5 - 0.5671432904097839036821986273638501915396349920558000709178381348786164164929847042875694697488581049

6 - 0.5671432904097838729999686622103563208086217342023287565768851248326011789240991181028762582526321268

7 - 0.5671432904097838729999686622103555497538157871865125081351310792235327403215041862450323133272582057

8 - 0.5671432904097838729999686622103555497538157871865125081351310792230457930866845666932194469617522946

9 - 0.5671432904097838729999686622103555497538157871865125081351310792230457930866845666932194469617522946

10 - 0.5671432904097838729999686622103555497538157871865125081351310792230457930866845666932194469617522946

11 - 0.5671432904097838729999686622103555497538157871865125081351310792230457930866845666932194469617522946

12 - 0.5671432904097838729999686622103555497538157871865125081351310792230457930866845666932194469617522946

13 - 0.5671432904097838729999686622103555497538157871865125081351310792230457930866845666932194469617522946

14 - 0.5671432904097838729999686622103555497538157871865125081351310792230457930866845666932194469617522946

15 - 0.5671432904097838729999686622103555497538157871865125081351310792230457930866845666932194469617522946

16 - 0.5671432904097838729999686622103555497538157871865125081351310792230457930866845666932194469617522946

17 - 0.5671432904097838729999686622103555497538157871865125081351310792230457930866845666932194469617522946

18 - 0.5671432904097838729999686622103555497538157871865125081351310792230457930866845666932194469617522946

19 - 0.5671432904097838729999686622103555497538157871865125081351310792230457930866845666932194469617522946

20 - 0.5671432904097838729999686622103555497538157871865125081351310792230457930866845666932194469617522946

0.567143
0.567143

RUN SUCCESSFUL (total time: 1s)


Why is the multi-precision float being truncated when being converted to a string? How can I convert from an Boost's multiprecision float to a string without it being truncated?

Answer

Found the solution on my own, I was over-complicating it.
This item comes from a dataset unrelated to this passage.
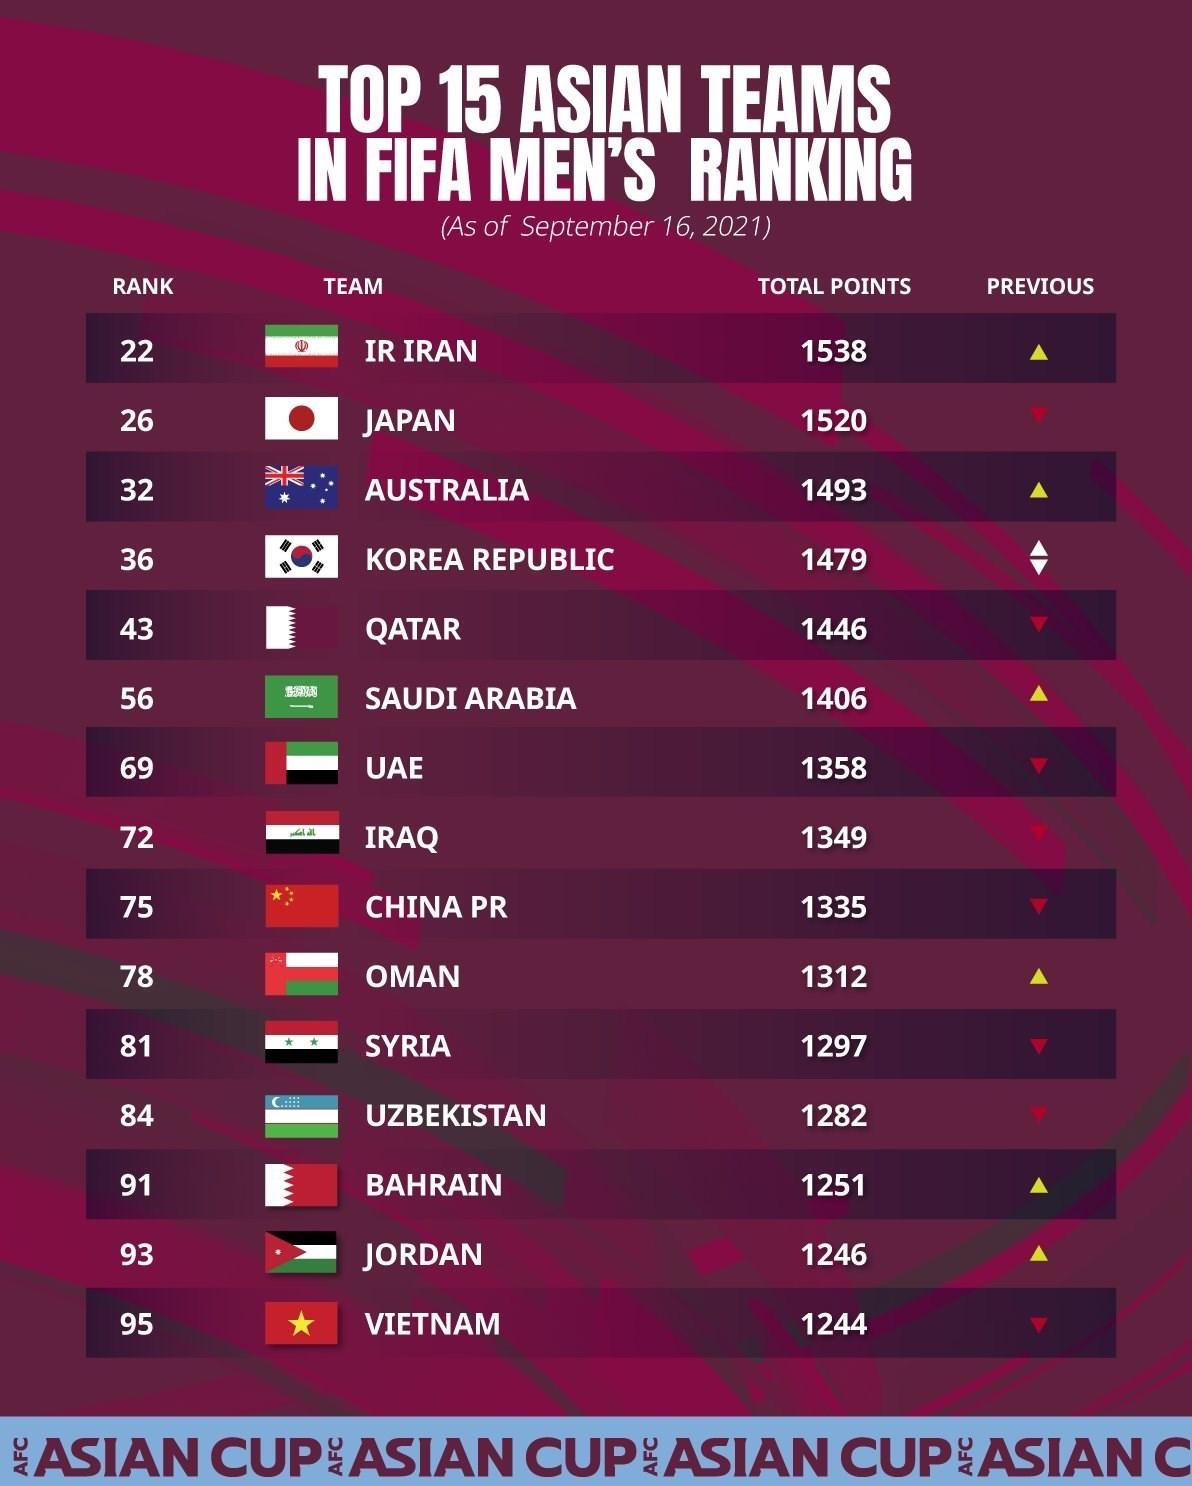 فوتبال ایران به رتبه ۲۲ جهان و اول آسیا رسید
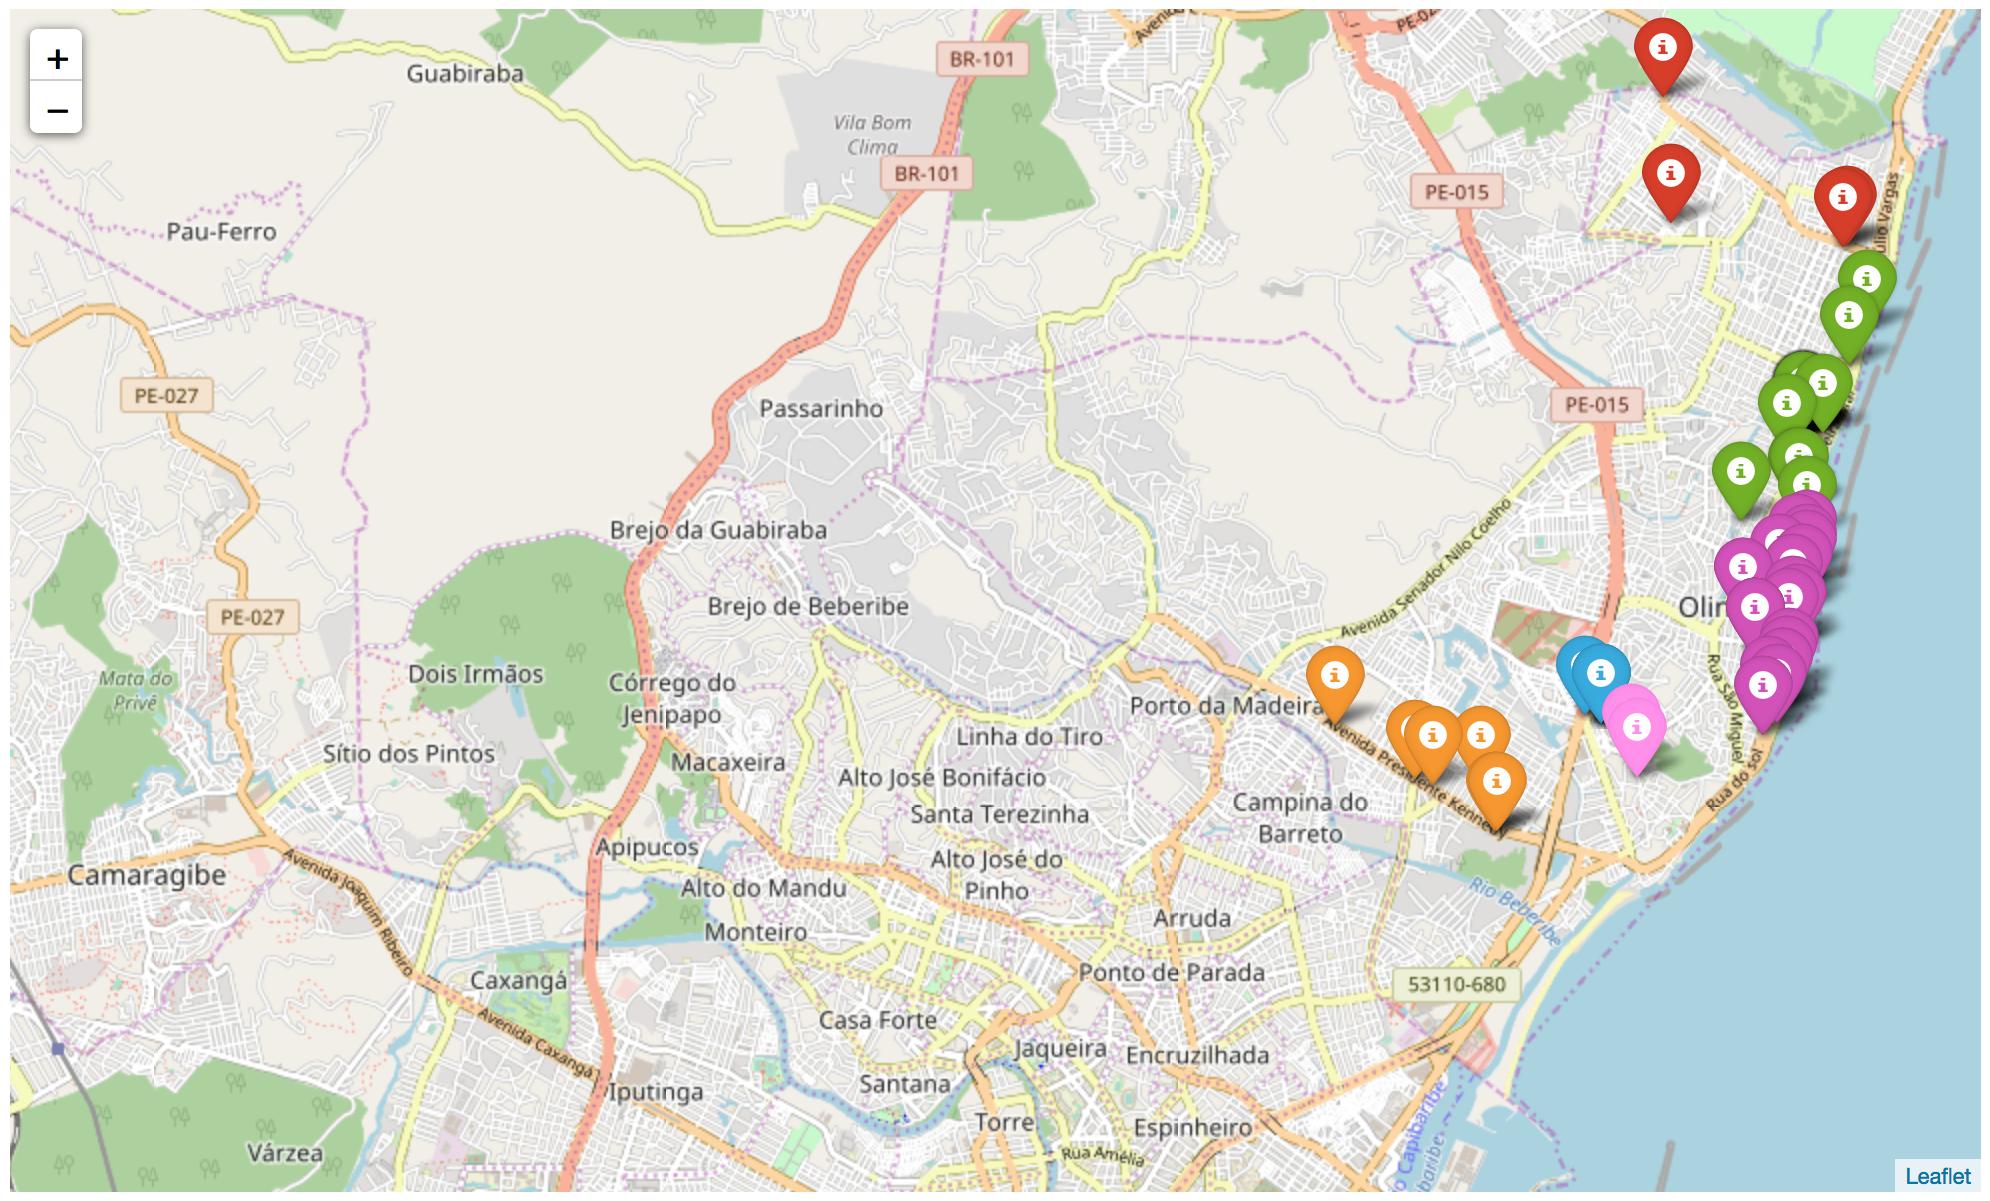 mapa de Olinda com algumas empresas e pins coloridos

To convert from a Boost multiprecision float to a string is actually pretty simple:

for(int i = 0; i <= iterations; i++){
    std::string firstStr = wnew.convert_to<std::string>();
    wnew = ((wnew * wnew) + x * exp(-wnew))/(1+wnew);
    std::string secondStr = wnew.convert_to<std::string();
    if(firstStr == secondStr)
        break;
    std::cout << "\n" << i << " - " << wnew << "\n";
}

Using convert_to also revealed the reason why it was not stopping after the 8th iteration. The numbers are actually longer than they were being displayed as, so after each iteration they were all different.